Di Balik Bansos Corona, Mereka Yang Tidak Mengeluh Meski Tak Tersentuh

Sedang Viral :

Mungkin dalam beberapa waktu terakhir ini banyak gosip beredar dilema tunjangan dari pemerintah, dimana mereka yang sadar bisa mengembalikan dan lebih milih untuk yang mampu saja.

Akan tetapi tidak sedikit juga orang-orang mampu justru malah meminta santunan dan bab, murka-murka dan mencaci pemerintah. Tapi dibalik ini semua masih ada juga yang tetap diam, apapun kejadiannya.

Samuel menjemput kami di depan gang, kira-kira 50 meter dari rumahnya di RT 13, RW 05, Desa Tarus, Kecamatan Kupang Tengah, Kabupaten Kupang, Nusa Tenggara Timur, Jumat (22/5).

Tiba di rumah, Samuel Dima bersama Atni Kabnani sang istri mempersilakan saya dan beberapa teman untuk duduk di sebuah dingklik kayu sepanjang satu meter, sementara keduanya duduk di lantai tanah.

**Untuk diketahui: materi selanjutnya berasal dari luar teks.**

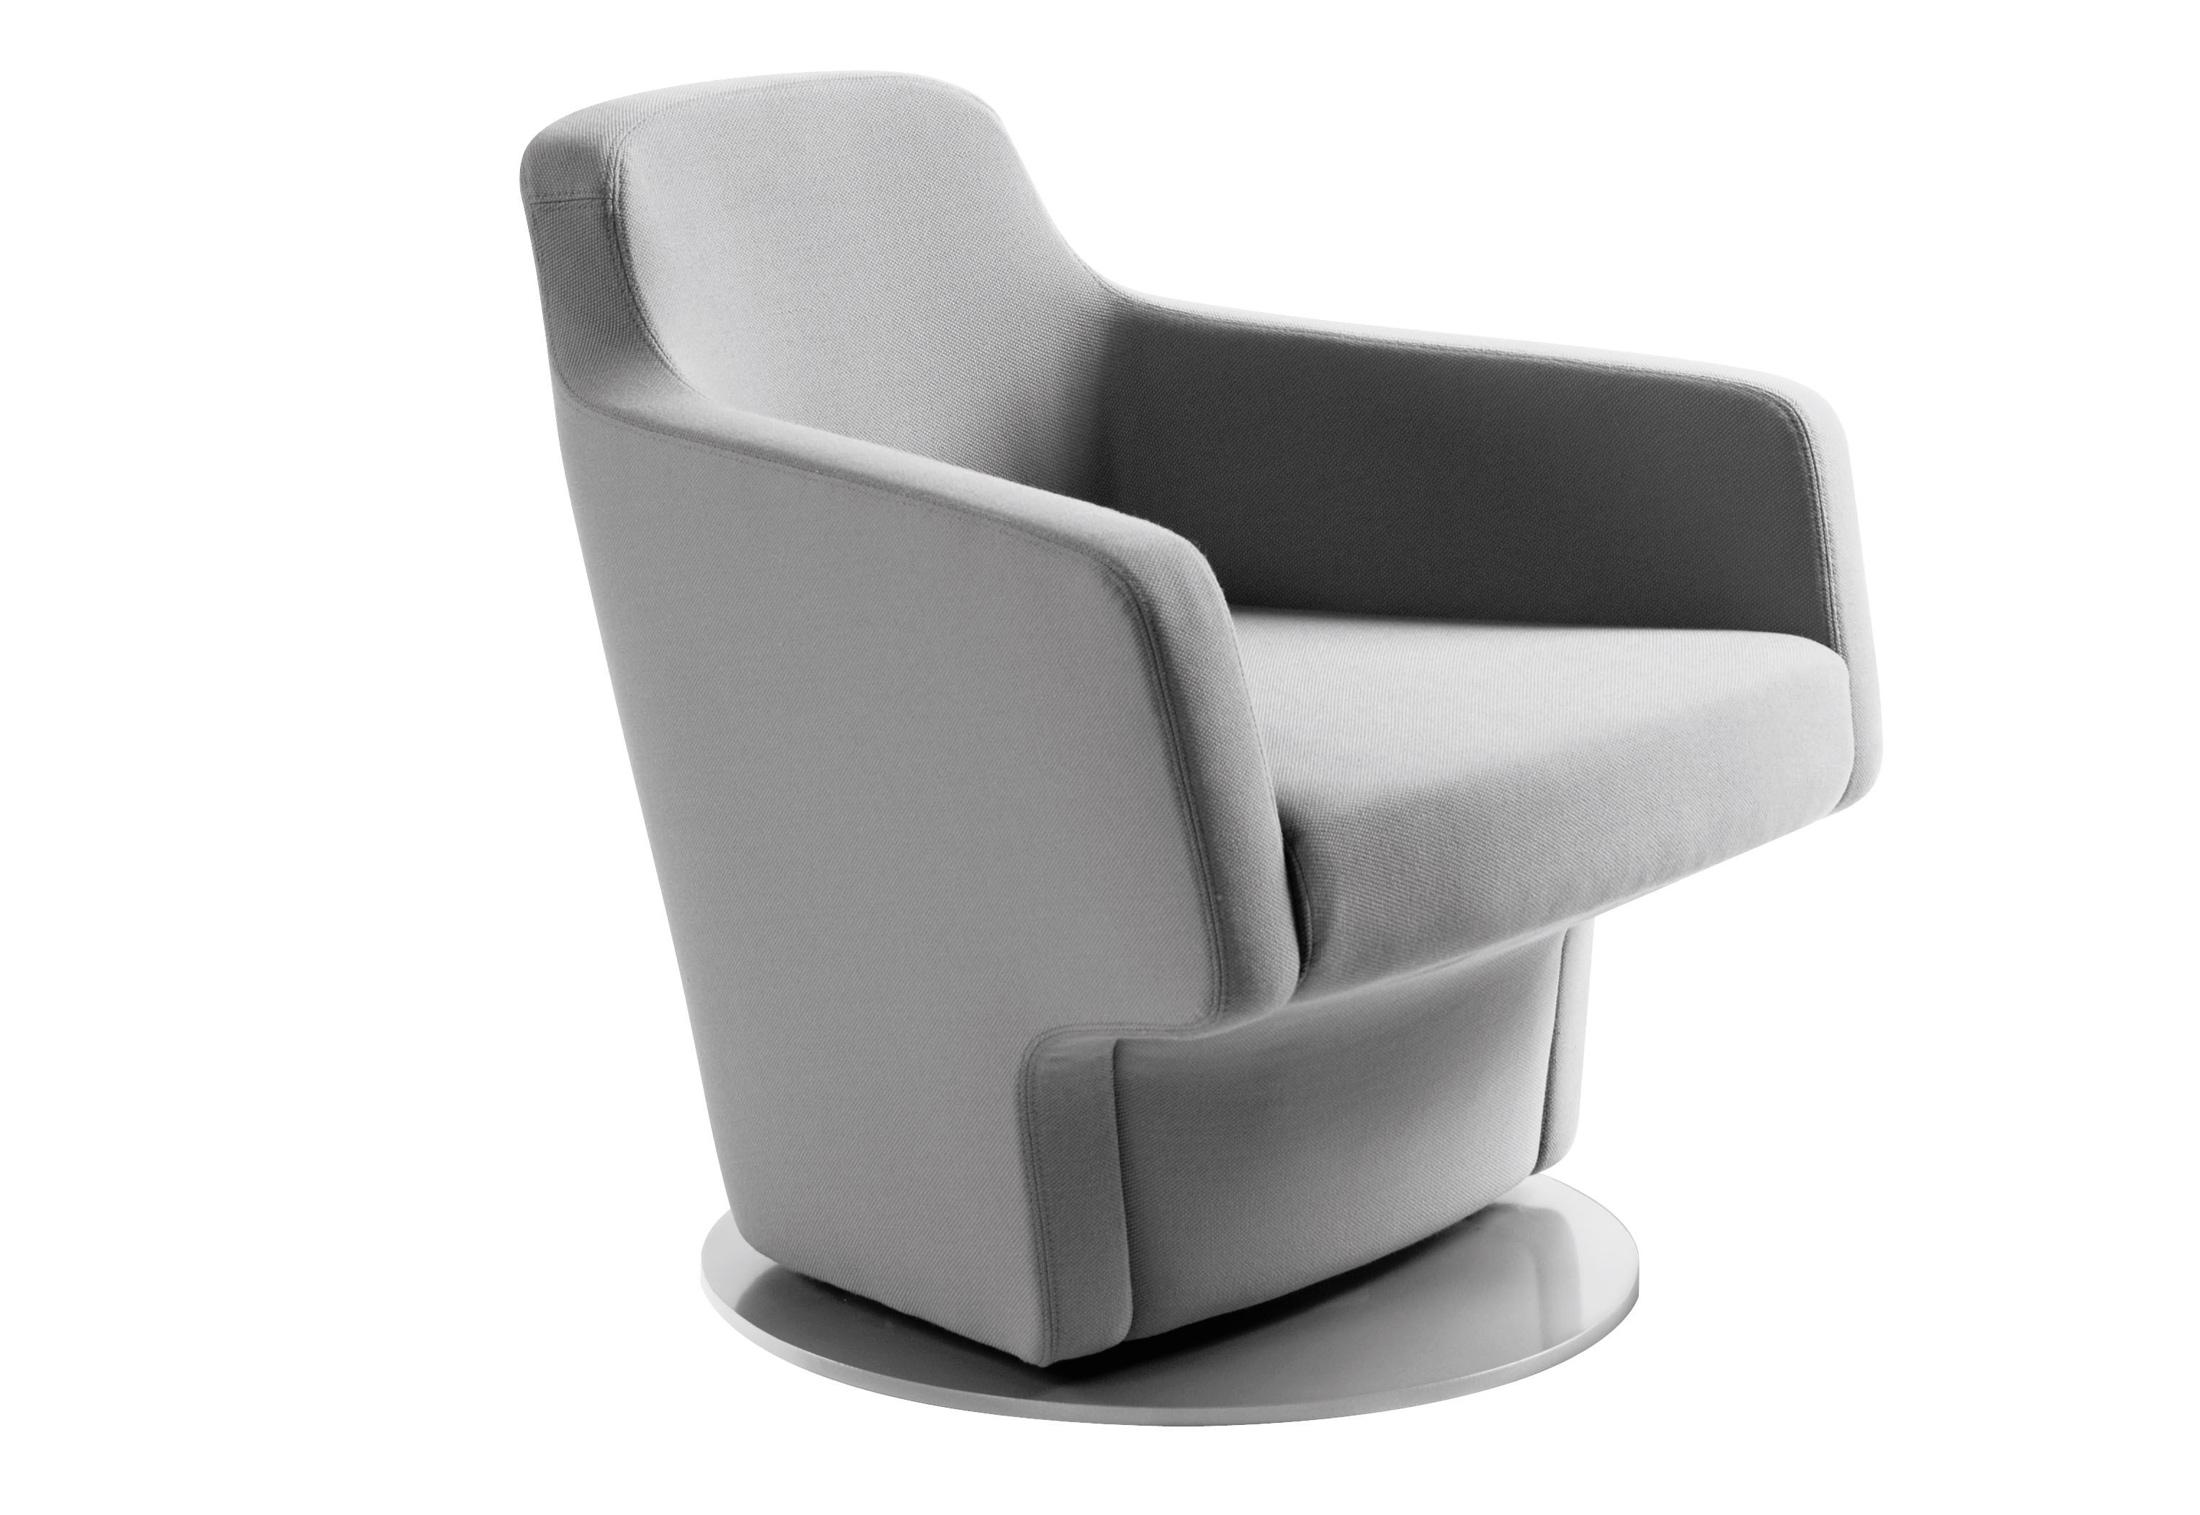 revolving chair manufacturer in nagpur hanging online kalio easy by dietiker stylepark

Ketiga anak mereka bermain ke rumah tetangga. Hanya ada si bungsu yang baru berusia lima bulan digendong ibunya.

Samuel sangat bersemangat dongeng tentang kehidupan mereka. Sementara Atni sibuk menciptakan kopi, namun sesekali menyambung pembicaraan kami dari dapur, yang hanya dipisahkan dengan dinding bebak dari ruang tamu.

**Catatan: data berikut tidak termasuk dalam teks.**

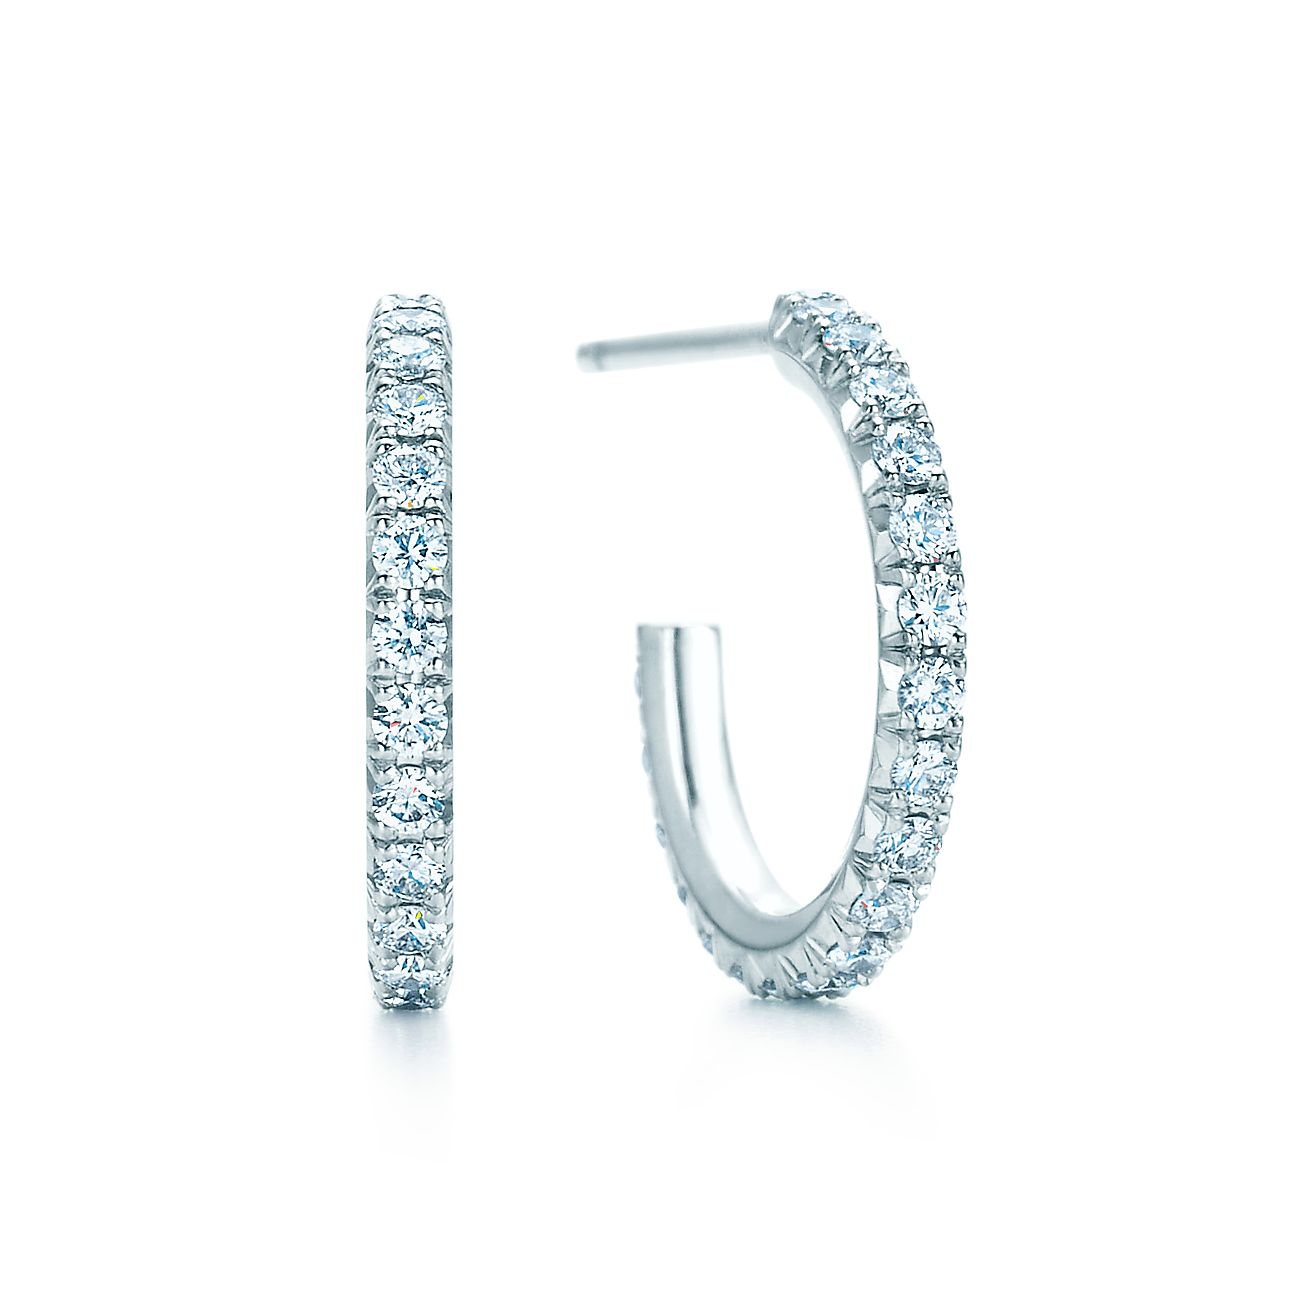 tiffany metro hoop earrings in 18k white gold with

Agar lebih nyaman, saya dan sobat-sahabat menentukan duduk sila bersama di lantai, sambil menyambung pembicaraan Samuel dengan pertanyaan. Lima gelas plastik berwarna merah berisikan kopi hitam, disimpan masing-masing di hadapan kami oleh Atni dan memperbolehkan kami untuk bercerita sambil minum, sebelum keburu acuh taacuh.

"Awalnya rumah lebih besar ini tapi terbakar. Makara bangun lagi, tapi kecil begini sa. Maaf katong (kita) duduk di tanah sa karena belum ada kursi ni," kata Samuel dengan logat khas Kupang dicampur Sabu.

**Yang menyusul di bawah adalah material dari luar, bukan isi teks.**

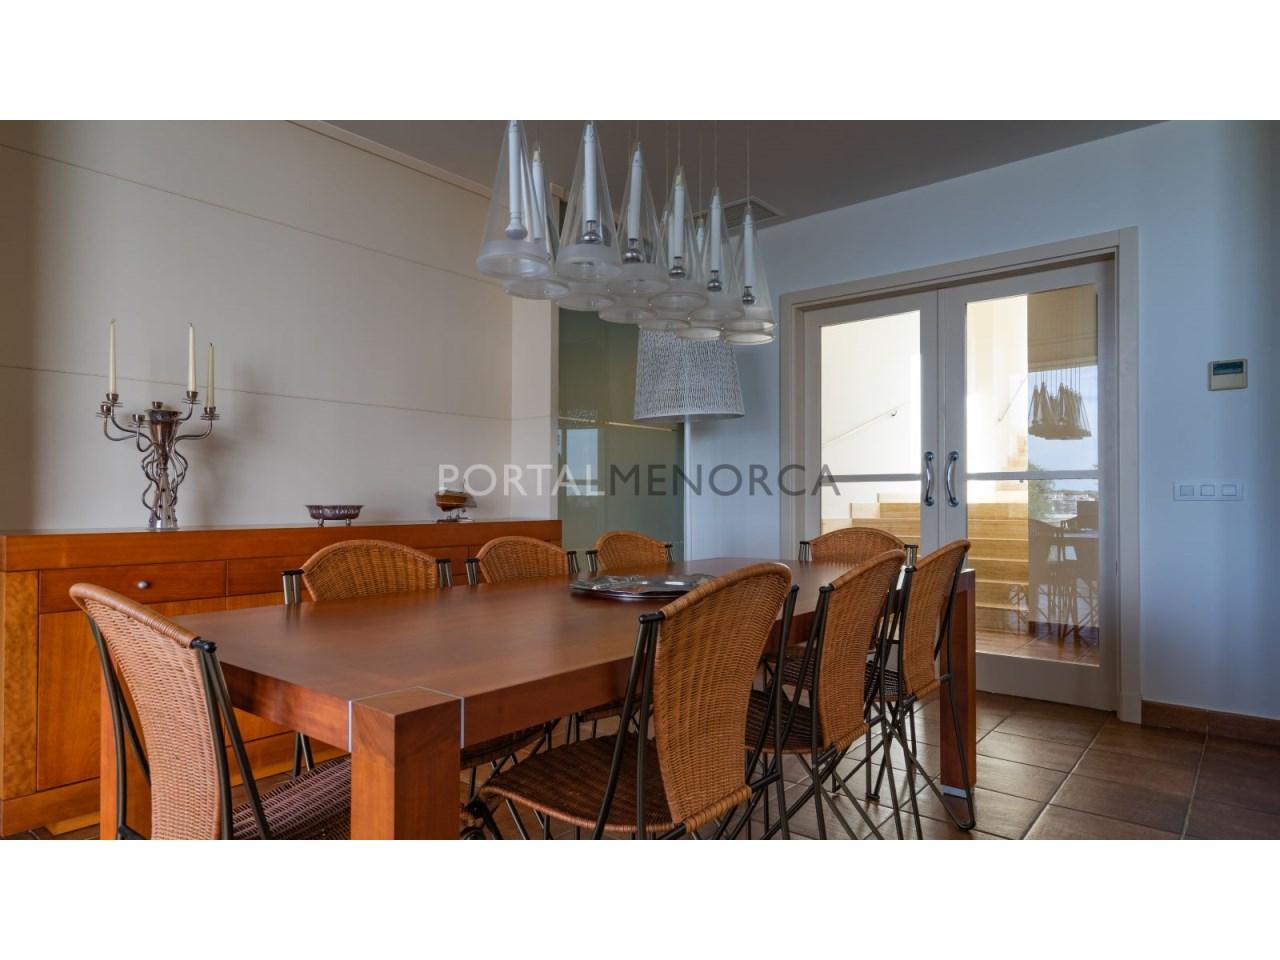 luxe-maison-vendre-acheter-menorca (5)

Menurutnya, selain bangku dirinya juga belum bisa membeli daerah tidur. Setiap malam, Samuel dan istri serta keempat anaknya hanya tidur di kasur tipis yang dibentang pada lantai kamar keluarga.

Sambil menikmati kopi, Samuel membeberkan kepada kami bahwa tidak pernah menerima derma jenis apa pun, dari pemerintah. Mungkin luput dari pendataan di tingkat bawah, dia juga tidak tahu, karena aib untuk bertanya.

"Walaupun saya tidak pernah dapat, tapi saya tidak protes sebab mungkin masih banyak yang lebih butuh dari saya. Sejak anak pertama hingga anak keempat ini lahir pun, aku tidak mampu dukungan, baik BLT/BLT maupun sejenisnya," ungkapnya.

Mewabahnya Covid-19 di Indonesia termasuk Nusa Tenggara Timur, membuat Samuel tidak lagi menunggu penumpang di pangkalan sebagai tukang ojek. Selain alasannya sepi penumpang, dia juga takut sebagai carier penularan virus kepada istri dan anak-anaknya di rumah.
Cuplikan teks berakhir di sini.